How to protect your digital identity

Security in the Internet era involves, among other issues, protecting digital identity.

como proteger identidad digital
Communication Team


Reading time: 4 min

What is digital identity?

By digital identity we mean all the trace of information that we leave (consciously or unconsciously) when we surf the Internet.

Directly linked to this digital identity is our online reputation, being privacy management the way in which we handle the personal information generated and published.

Since the Internet became part of our daily lives and for numerous reasons, such as the increase in the use of social networks, everything we publish, share, interact with or even visit allows us to draw our digital identity in ever greater detail.

How to protect your digital identity

But what should we take into account to protect it? Why is it so important to do so? What advice can we follow to do so?

From Incibe help us to solve these doubts regarding privacy and its relevance to help us take care of our digital identity.

Possible risks derived from not managing privacy adequately

Fraud or other negative consequences derived from the exposure or publication of personal information in certain contexts or platforms are some of the negative consequences that the incorrect management of our personal data on the Internet can have.

Some of these risks are:

  • Identity theft and impersonation. Fraudulent purchases, banking transactions (such as opening accounts or obtaining credit) or other malicious actions are some of the possible consequences of suffering identity theft and impersonation.
  • Extortion. The fact that sensitive information has been published on the Internet entails the risk that, if it falls into the wrong hands, it may generate harassment, threats, defamation or extortion through social networks or other digital media.
  • Phishing.
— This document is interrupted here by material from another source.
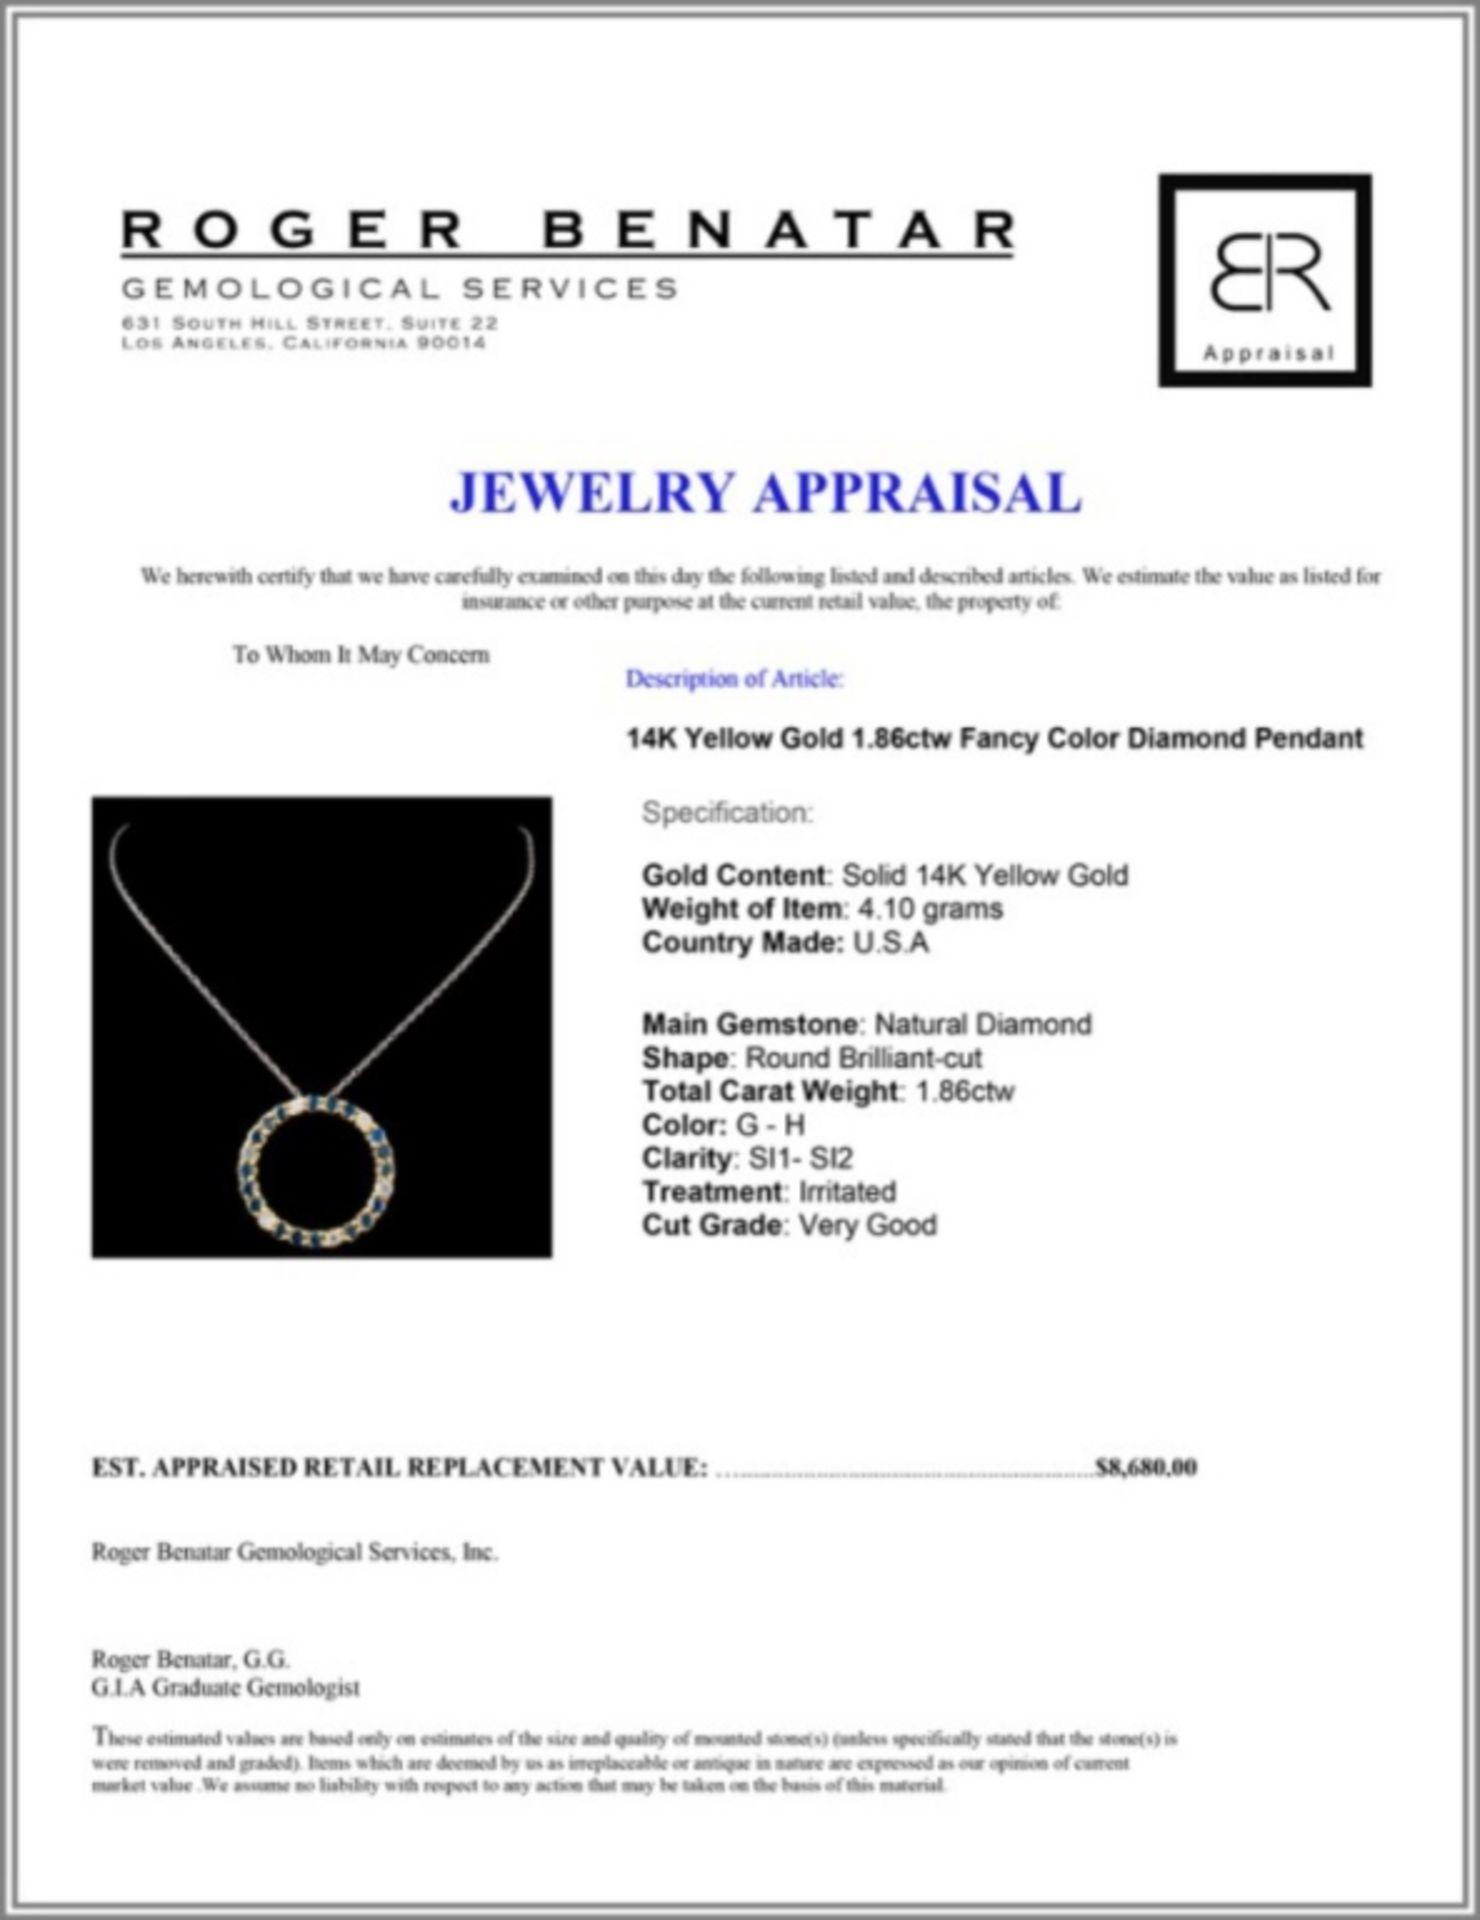 14K Yellow Gold 1.86ctw Fancy Color Diamond Pendan - Image 3 of 3

Phishing is a scam by which the identity of a person or organization known to the victim is impersonated in order to obtain confidential data from the victim.
  • Discrimination. Particularly dangerous in certain environments or settings, the information published on certain issues (ethnicity, gender, sexual orientation, ideology, physical condition or economic status) can help to generate discrimination.
  • Doxing. Something as simple as making a publication about a person on the network without their consent.
  • Fraud and threats. Depending on the quantity (and ‘quality’) of information published, the manipulation and/or personalization of fraudulent messages may have greater credibility, so the chances of falling into deception increase considerably.
  • Sexting. The dissemination of videos or images of a sexual nature can be a problem if the person receiving this material forwards it without consent or it can end up in other hands if the appropriate security measures are not taken.

Tips to protect privacy

Also from this organization dedicated to cybersecurity they give us a series of tips to precisely protect privacy and try to avoid the potential risks that we have just seen above:

  • Do not connect to unprotected or public wifi networks because they are not secure without WPA or WEP encryption. If you must do so, make sure that they are pages with https protocol.
  • Passwords with guarantees. In the following article you can follow the tips for creating and managing secure passwords.
  • Use two-factor authentication if available to add an extra layer of security.
  • Navigate with tools that allow you to block ads or to track the encryption of information transmitted from the sites you visit.
  • Limit the information shared. Although it may seem obvious, we should not disclose highly personal information such as address, telephone number, ID number, financial data or habits and customs in places with an unproven reputation.
  • Review the privacy settings of the services that you access and limit who can access this type of information.
  • Keep the software of your devices updated so that hypothetical vulnerabilities do not affect your privacy.

Digital identity and technology

On the other hand, technology can help us protect our digital identity.

In the business environment, there are technological solutions (such as multifactor authentication or privileged access management) that also help to protect digital identity.

Another aspect in which technology gives us support to keep our digital identity protected are keys or access keys; that is, digital credentials that avoid us username and password and that can be biometric (such as fingerprints or facial recognition) or unlocking patterns.

Blockchain and digital identity

Speaking specifically of blockchain, the use of this technology will make the authentication and verification of digital identity simpler and easier, while preserving the privacy of users.

As explained in this article on digital identity and blockchain from the Telefónica Tech blog, “to solve the famous problem of repeating the same data in all registration processes and not knowing where or to whom we give them, with this technology, since everything is always shared, it would be possible to reuse the same identity data and provide traceability and transparency every time a user gives part or all of their data to an entity”.

For this situation to arise, it would be necessary to start from the requirement that “the companies that want to use our data are in the same blockchain network”.